Most interviewees couldn’t remember the score that got them into the room. Only two actually recommended E.ON.

NPS doesn't measure behaviour — it measures theoretical intent or satisfaction in the moment.

Utilities don’t really come up in conversations

Utilities is not a subject that even promoters connect with or find interesting. Promotion happens reactively — when there's a crisis, when someone asks.

“I don't talk about the fact I am an E.ON customer. Is energy exciting? Not it is not.” (UK)

Credible promotion happens off-script

Genuine promotion happens in private channels — harder to measure, but far more credible than anything broadcasted for a referral fee.

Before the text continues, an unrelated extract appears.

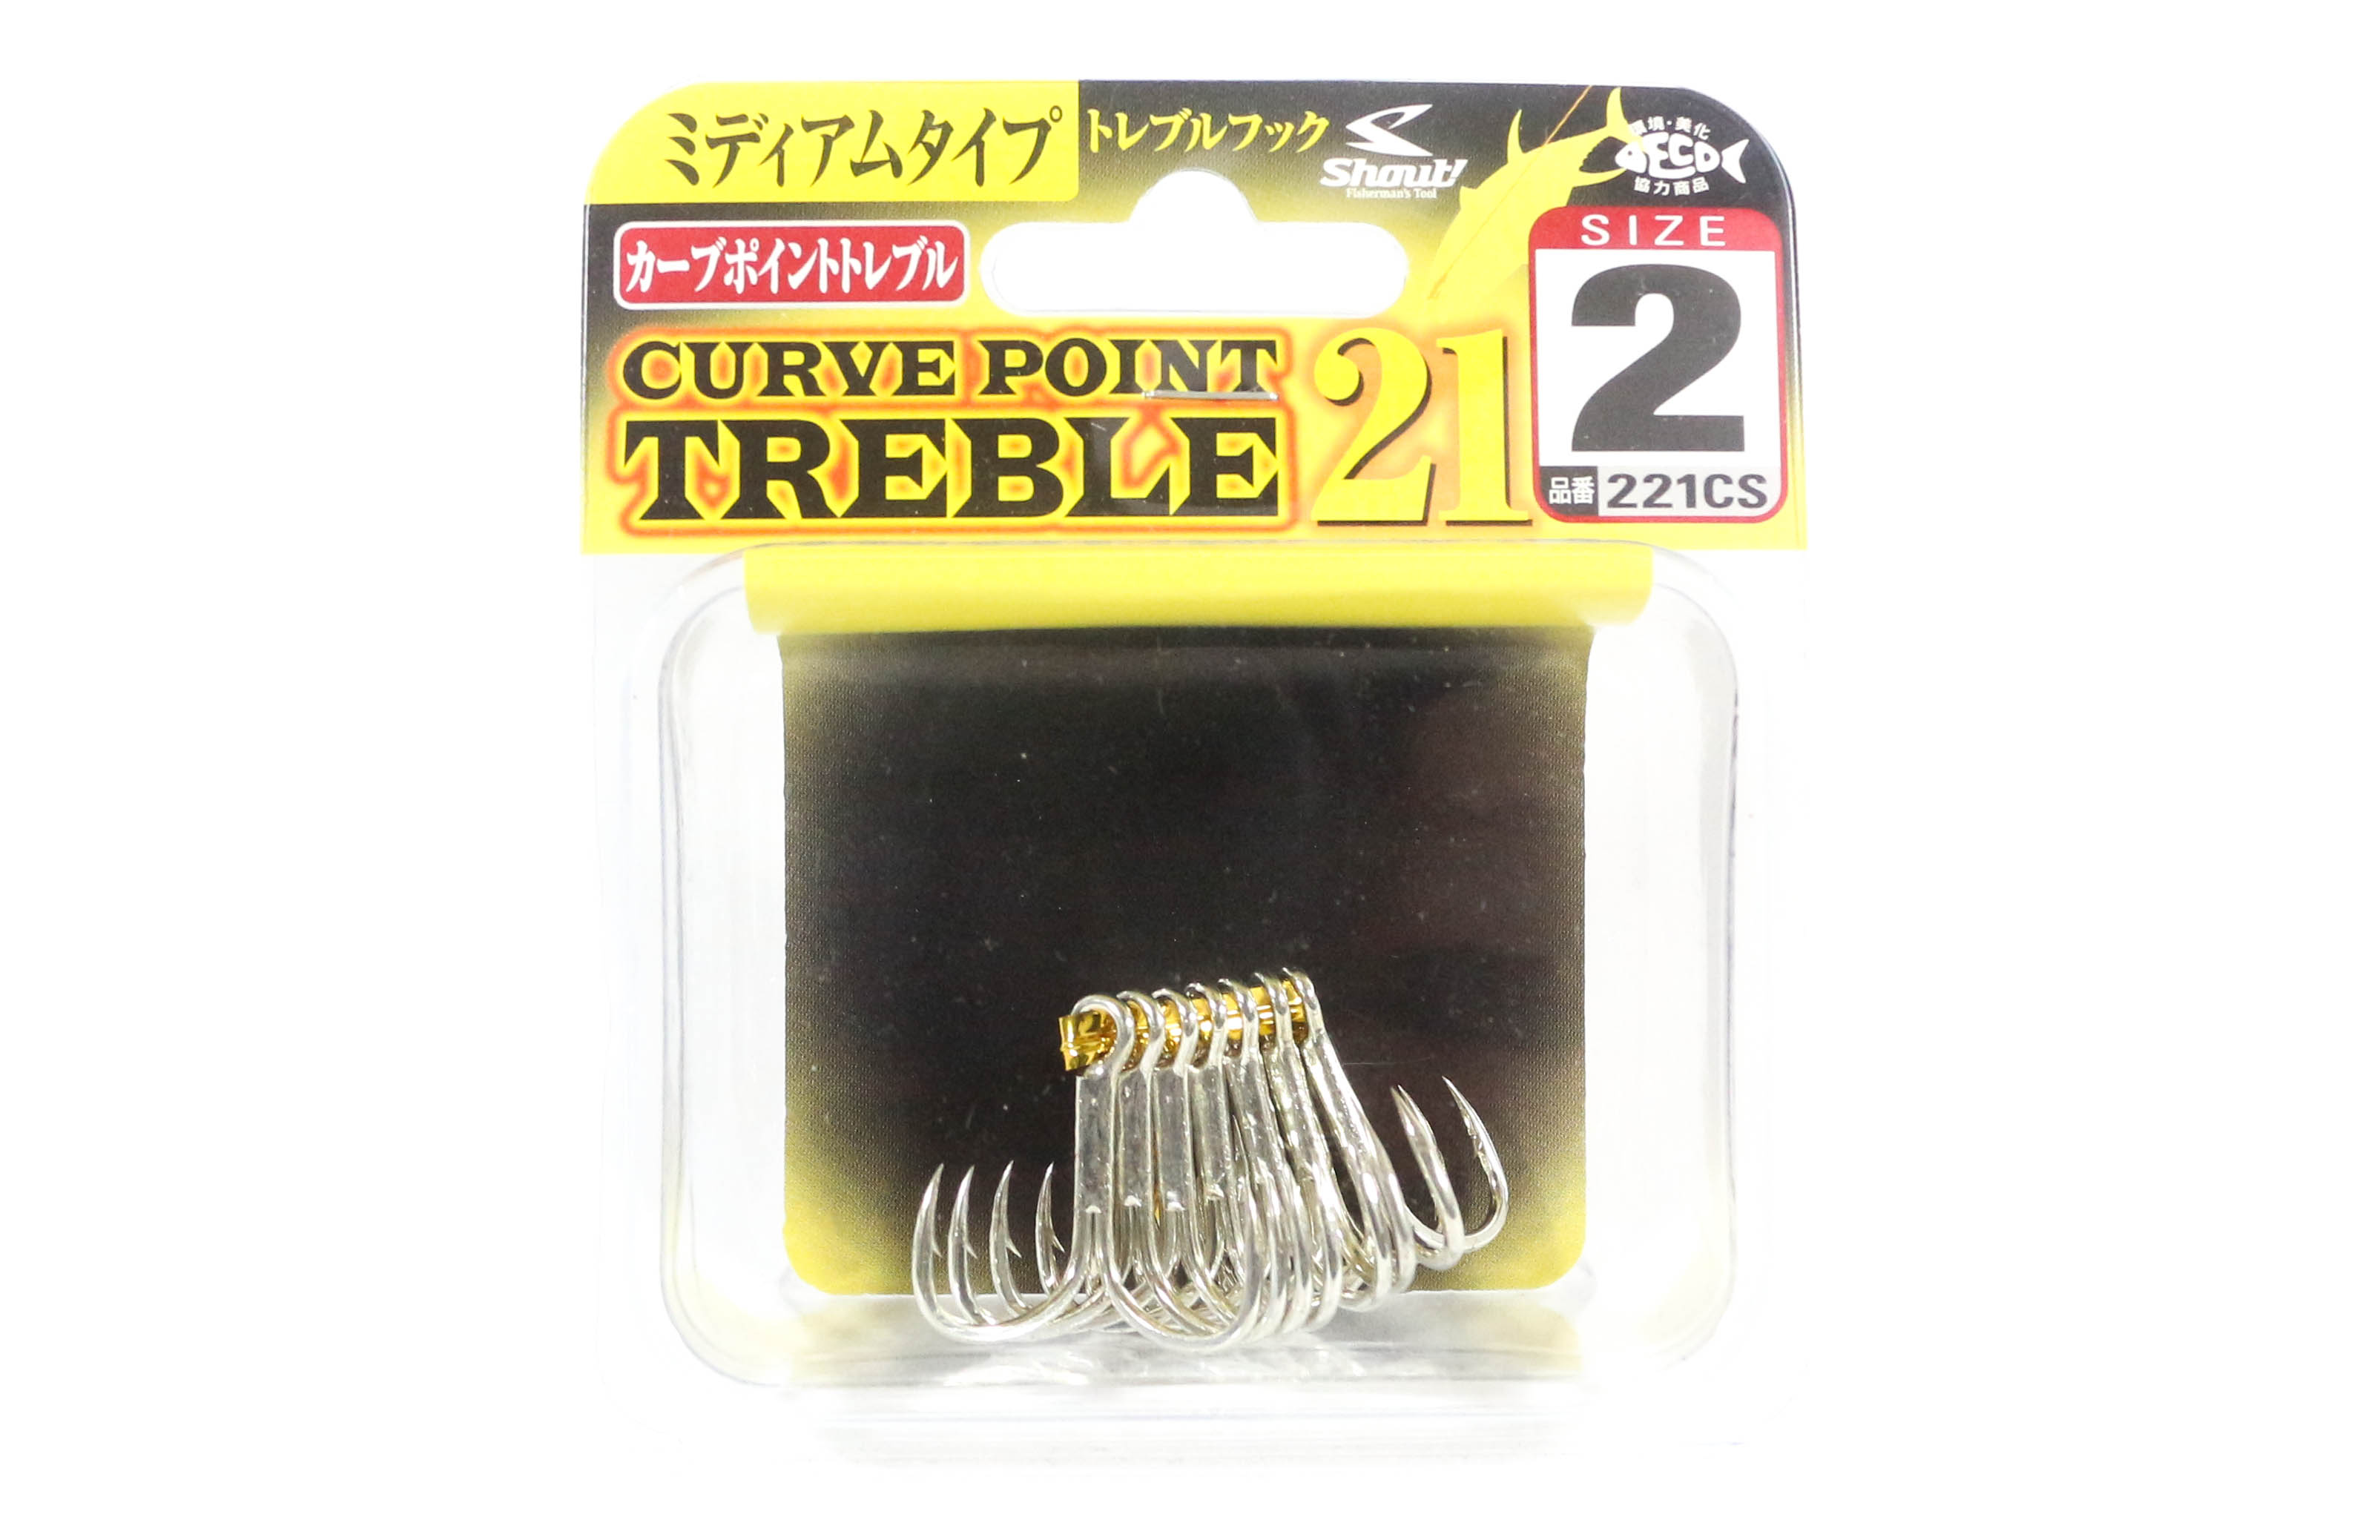 Shout 221-CS Curve Point Treble Hook Medium Gauge Size 2 (9654)

“A friendship is too big to sell out for a £10 reward.” (UK)

 

The strategic reframe: don't ask people to talk about E.ON. Give them content and causes they already want to talk about — and let E.ON be the vehicle, not the subject.

 
 

From the research, we produced a modular activation framework. Combining ingredients intelligently allows to design interventions relevant for different markets and contexts. 

 
 

Varying motivations to tap into

Lifecycle stages: Find the right moment to engage

Topics: Values driven topics drive more engagement

E.ON's 100% renewable energy is unknown to customers — lost in a landscape saturated with green claims nobody trusts anymore. E.ON has something most companies don't: real credentials, partnerships and concrete community programmes, not just talks.

Type of activation activities

 

Defining success, crafting interventions and picking the ones most likely to deliver

I clarified pathways to desired outcomes, hypotheses and what success looks like.

Increase customer value

Hypothesis By engaging promoters, we further develop their relationship with E.ON, which makes they stay longer and/or buy more.

Brand advocacy & acquisition

Hypothesis: Further engaging promoters increase word of mouth, brand reputation and therefore support customer acquisition.

 
 

Working with Italy as the pilot market, we fleshed out 9 concepts, to which I added behavioural economics levers

We selected two for immediate trial based on effort-to-impact ratio, capabilities readiness and research signals strength.

 

Designing trials together to create momentum and equip teams to take ownership and make them happen

 

Trial 1: Engage to give

E.ON partners with environmental organisations (e.g. Legambiente in Italy) to produce sustainability content that promoters can engage with and share. Each share or interaction earns points that translate as donations.

Even promoters will only engage or share brand content that aligns with what they care about and puts them in a good light with their peers. Utilities won’t cut it but the environment and e-mobility will, especially while supporting the cause.

 

Impact

Both concepts were successfully trialled in Italy. The framework was designed for scale from day one — modular, market-agnostic, adoptable by local CX teams across seven countries without rebuilding from scratch.

The bigger shift was strategic: E.ON came in looking for an activation solution. Our research shifted to creating conditions for advocacy. You can't nudge people into talking about something they don't find interesting. You have to give them something worth sharing.